TASK REQUIREMENTS: Below are the entries. Print only the lines starting at the one with "Dance Wallpaper Hd" and ending at the one with "Protein, illustration Protein, 3d illustration.", exactly, with no pictures.

EXCERPTED RECORDS:
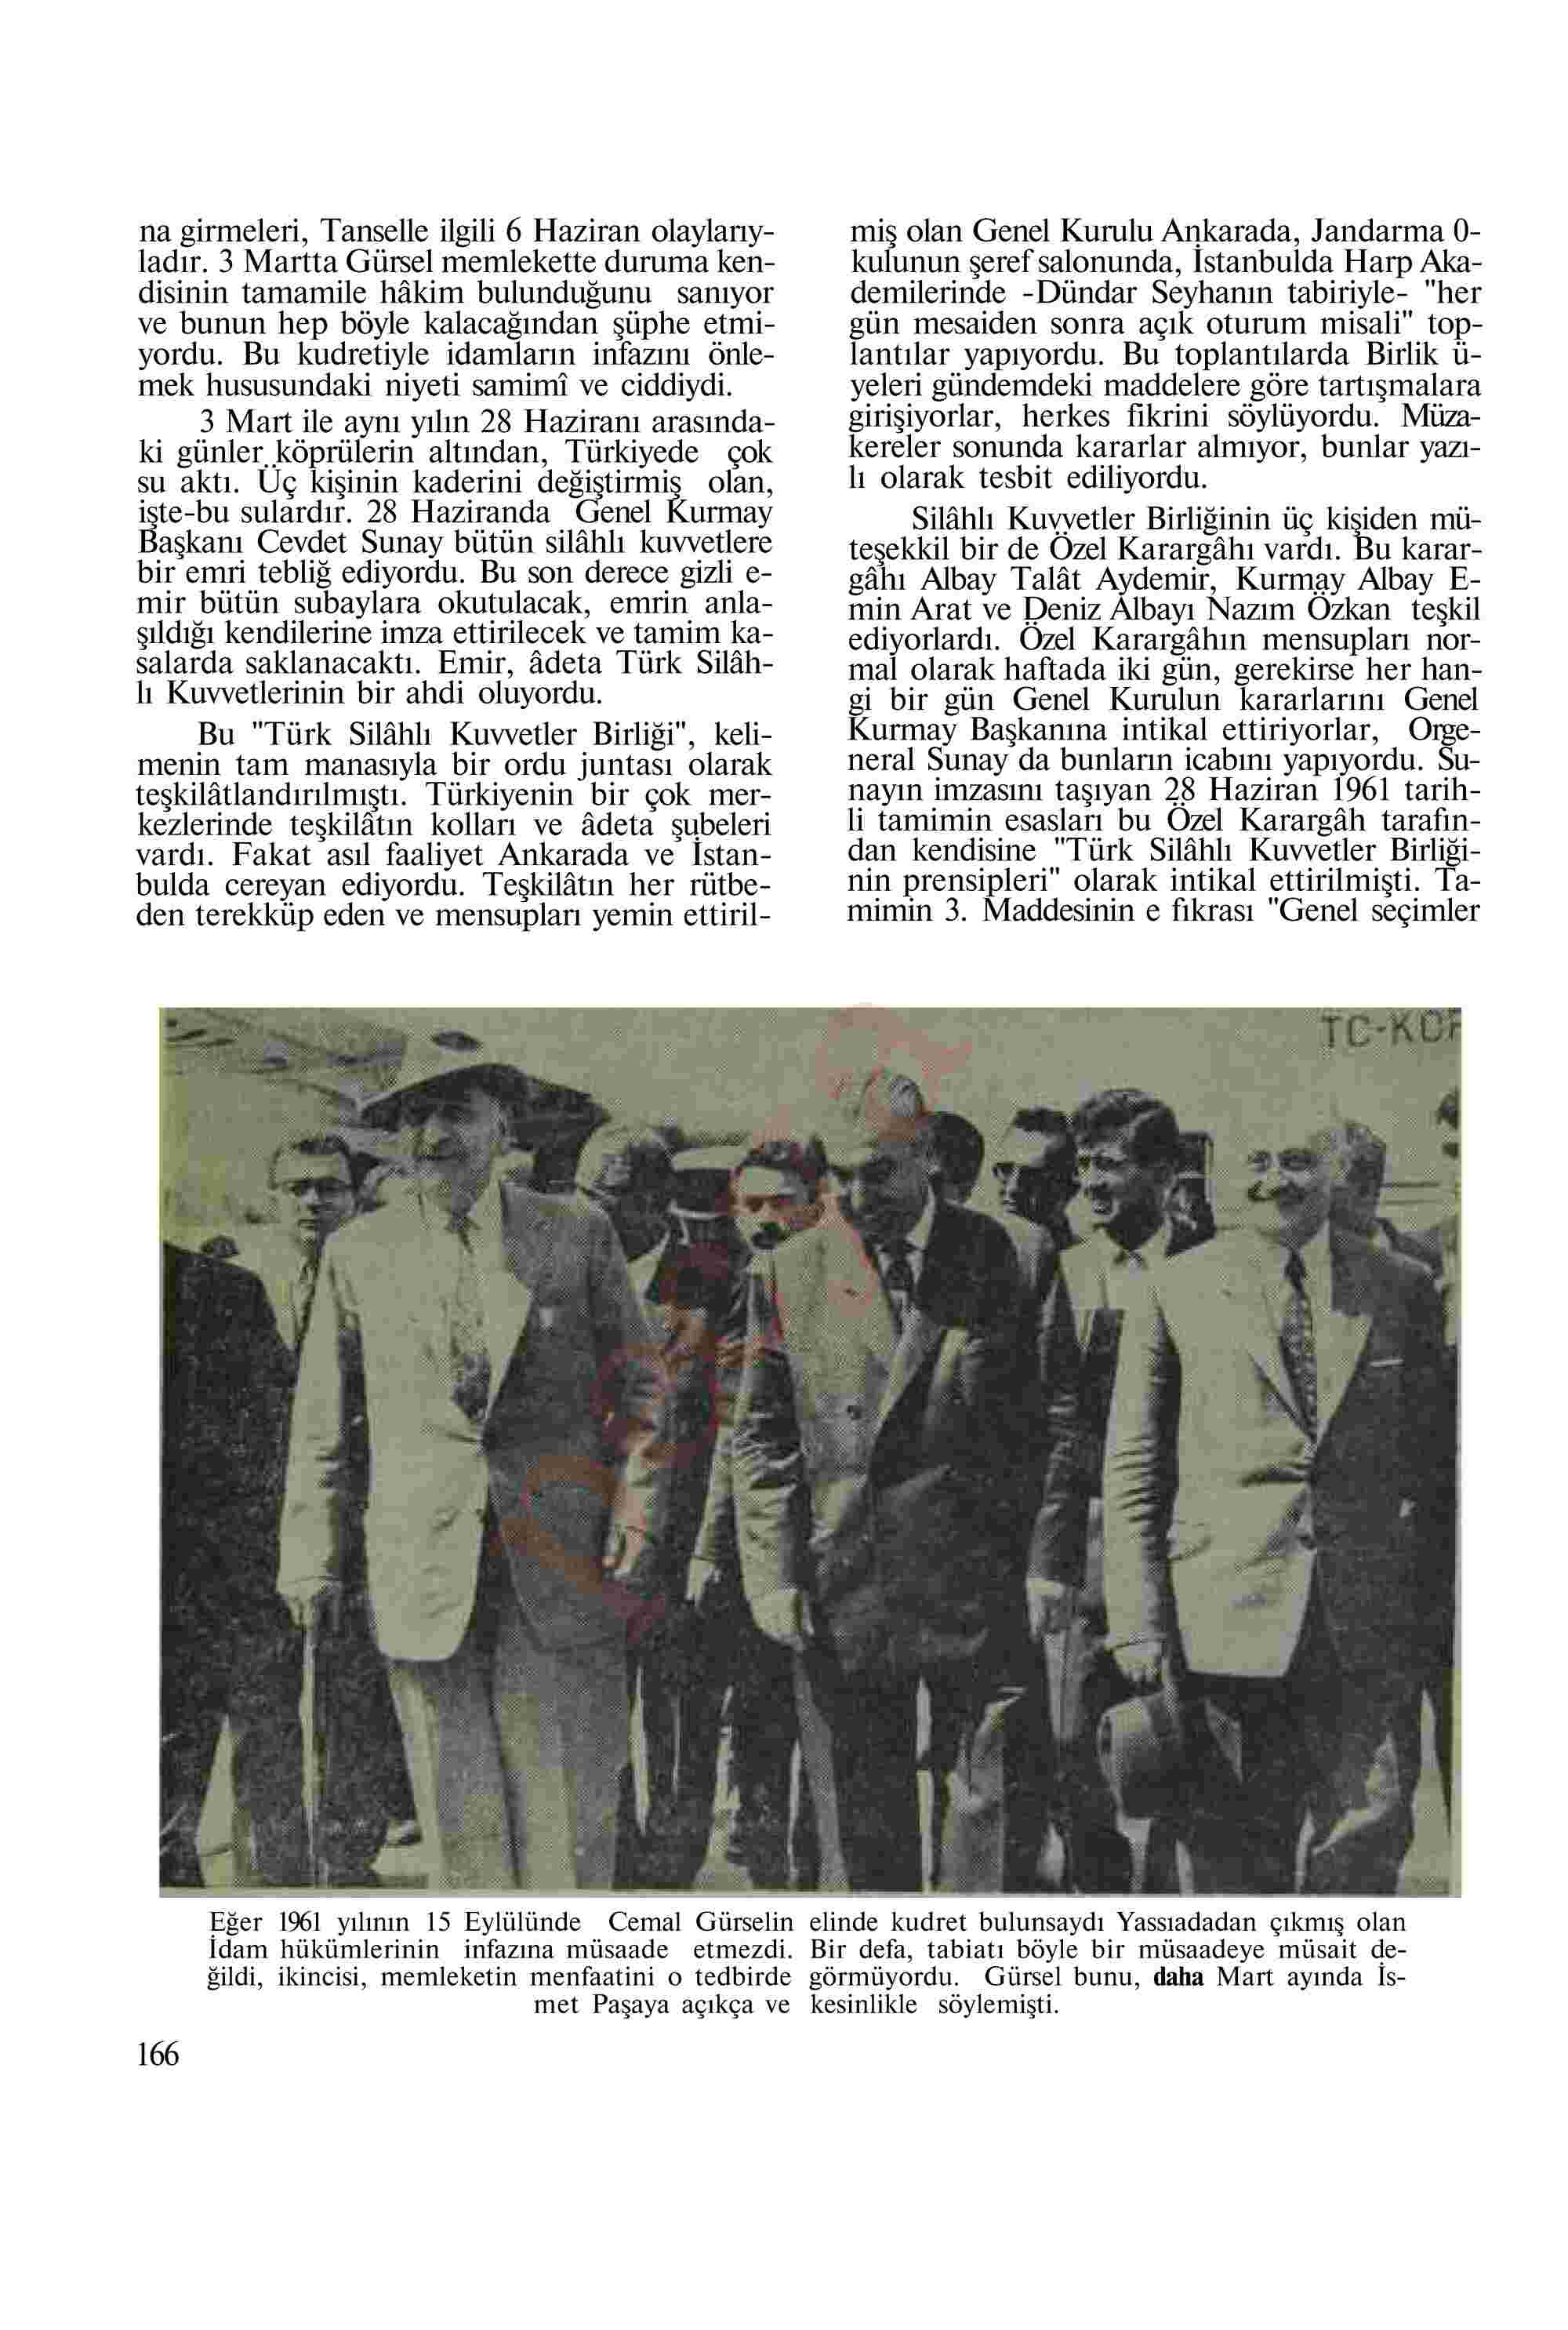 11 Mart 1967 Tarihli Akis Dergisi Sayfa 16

---

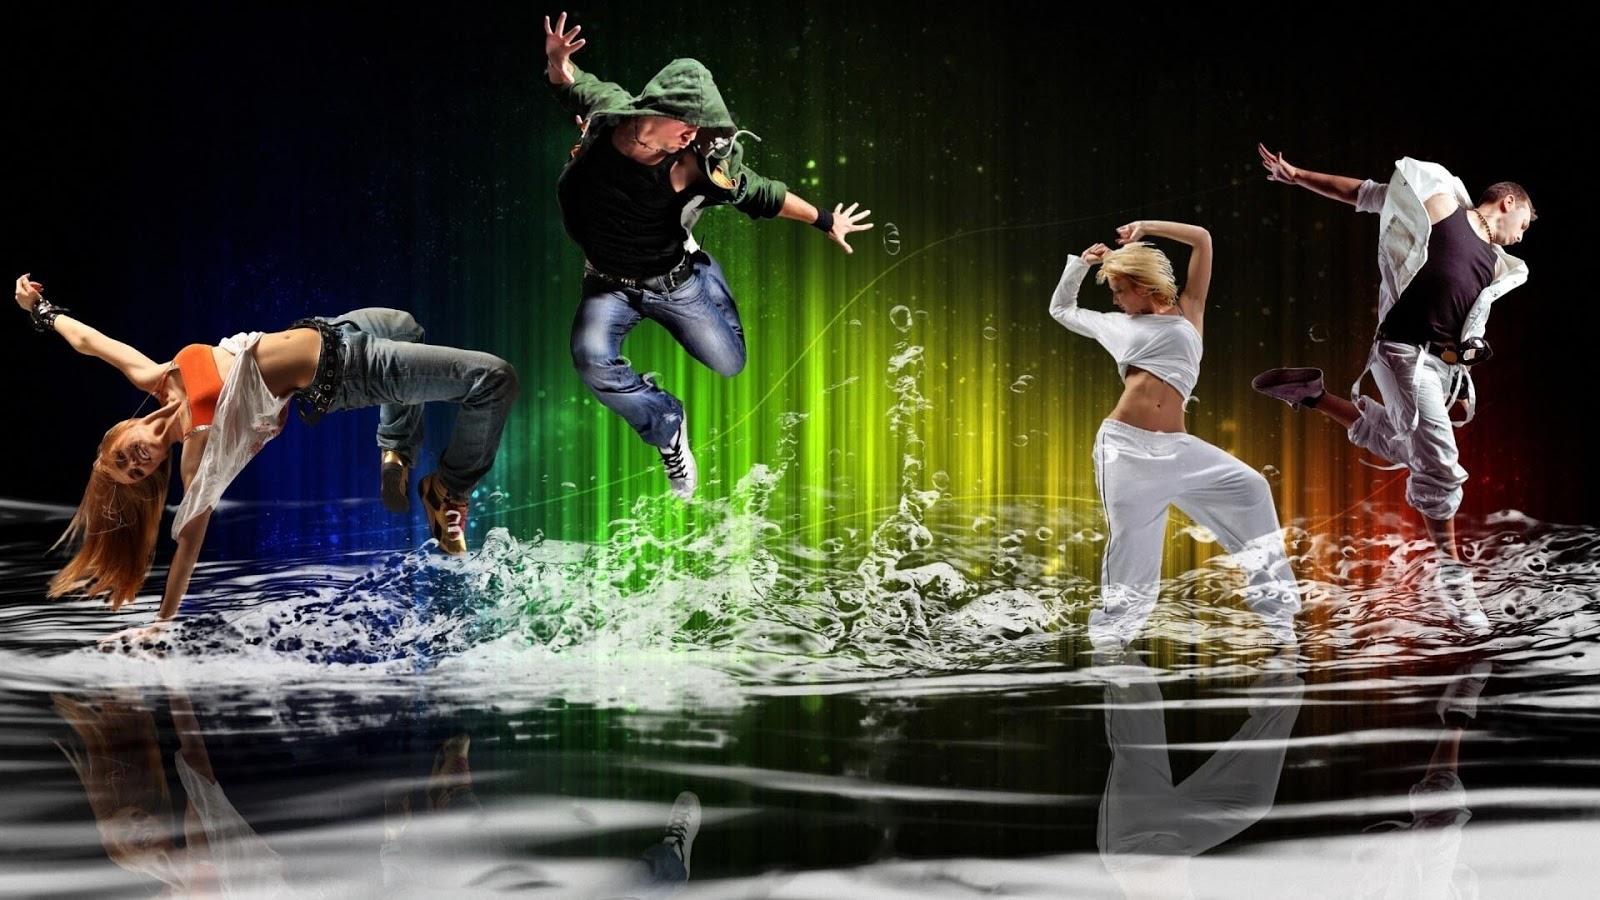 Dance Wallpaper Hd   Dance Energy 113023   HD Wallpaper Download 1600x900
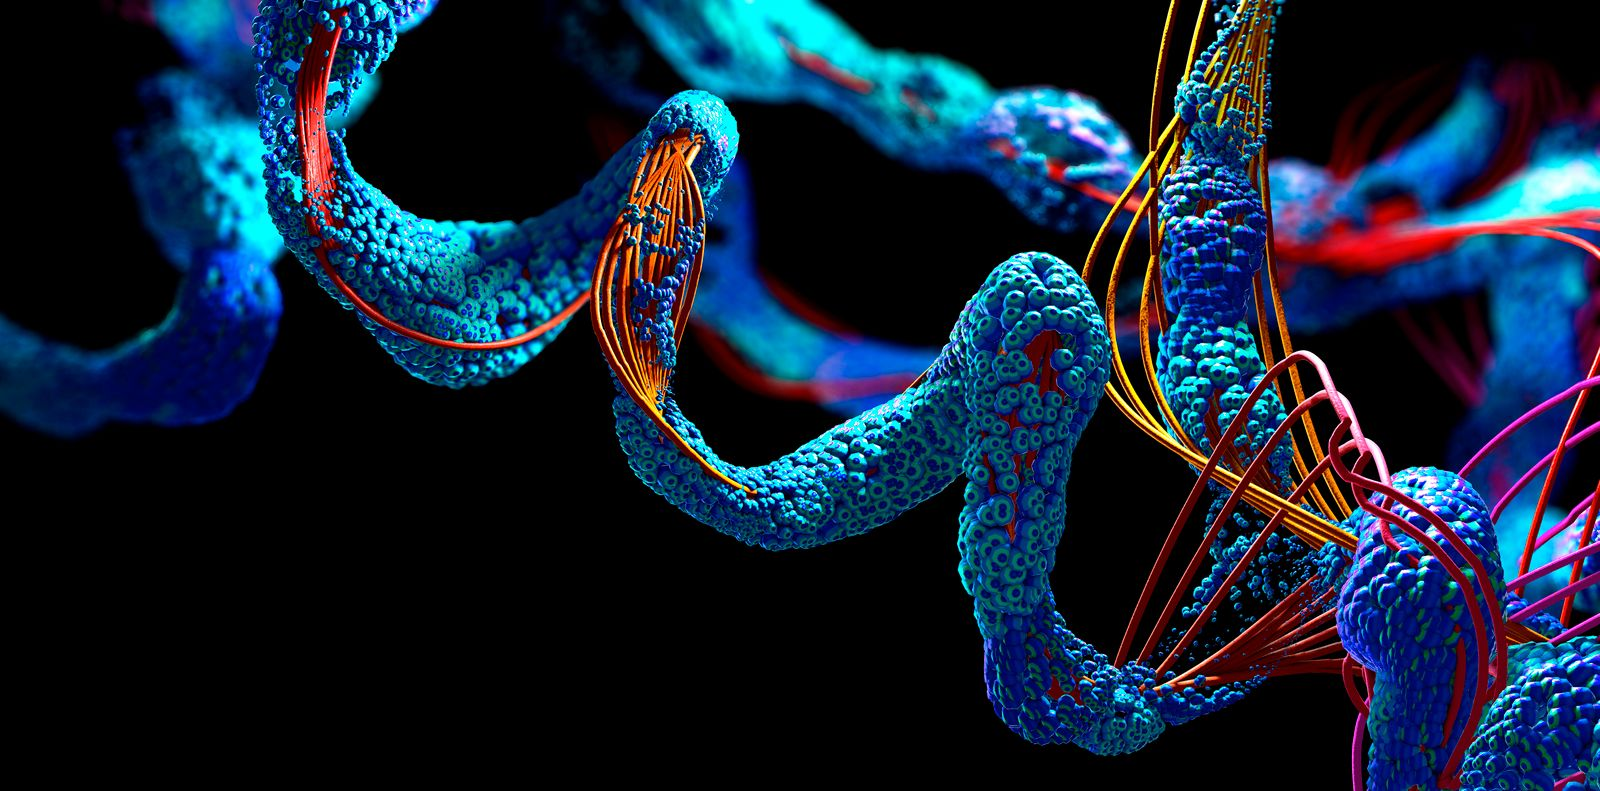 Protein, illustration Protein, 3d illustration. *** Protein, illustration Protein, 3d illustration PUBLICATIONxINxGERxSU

...

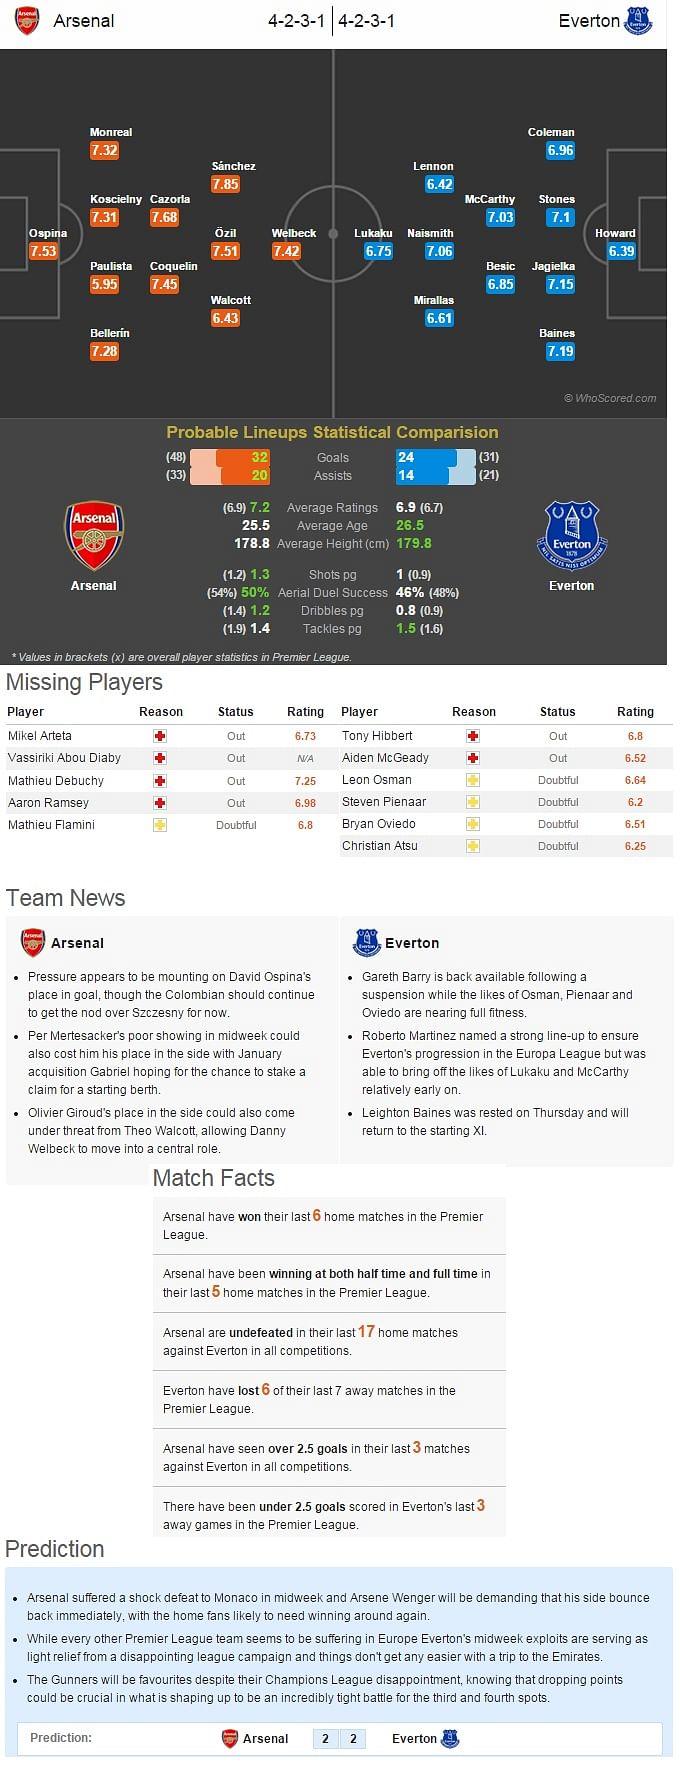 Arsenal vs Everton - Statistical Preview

EXPECTED ANSWER:
 Dance Wallpaper Hd   Dance Energy 113023   HD Wallpaper Download 1600x900
 Protein, illustration Protein, 3d illustration. *** Protein, illustration Protein, 3d illustration PUBLICATIONxINxGERxSU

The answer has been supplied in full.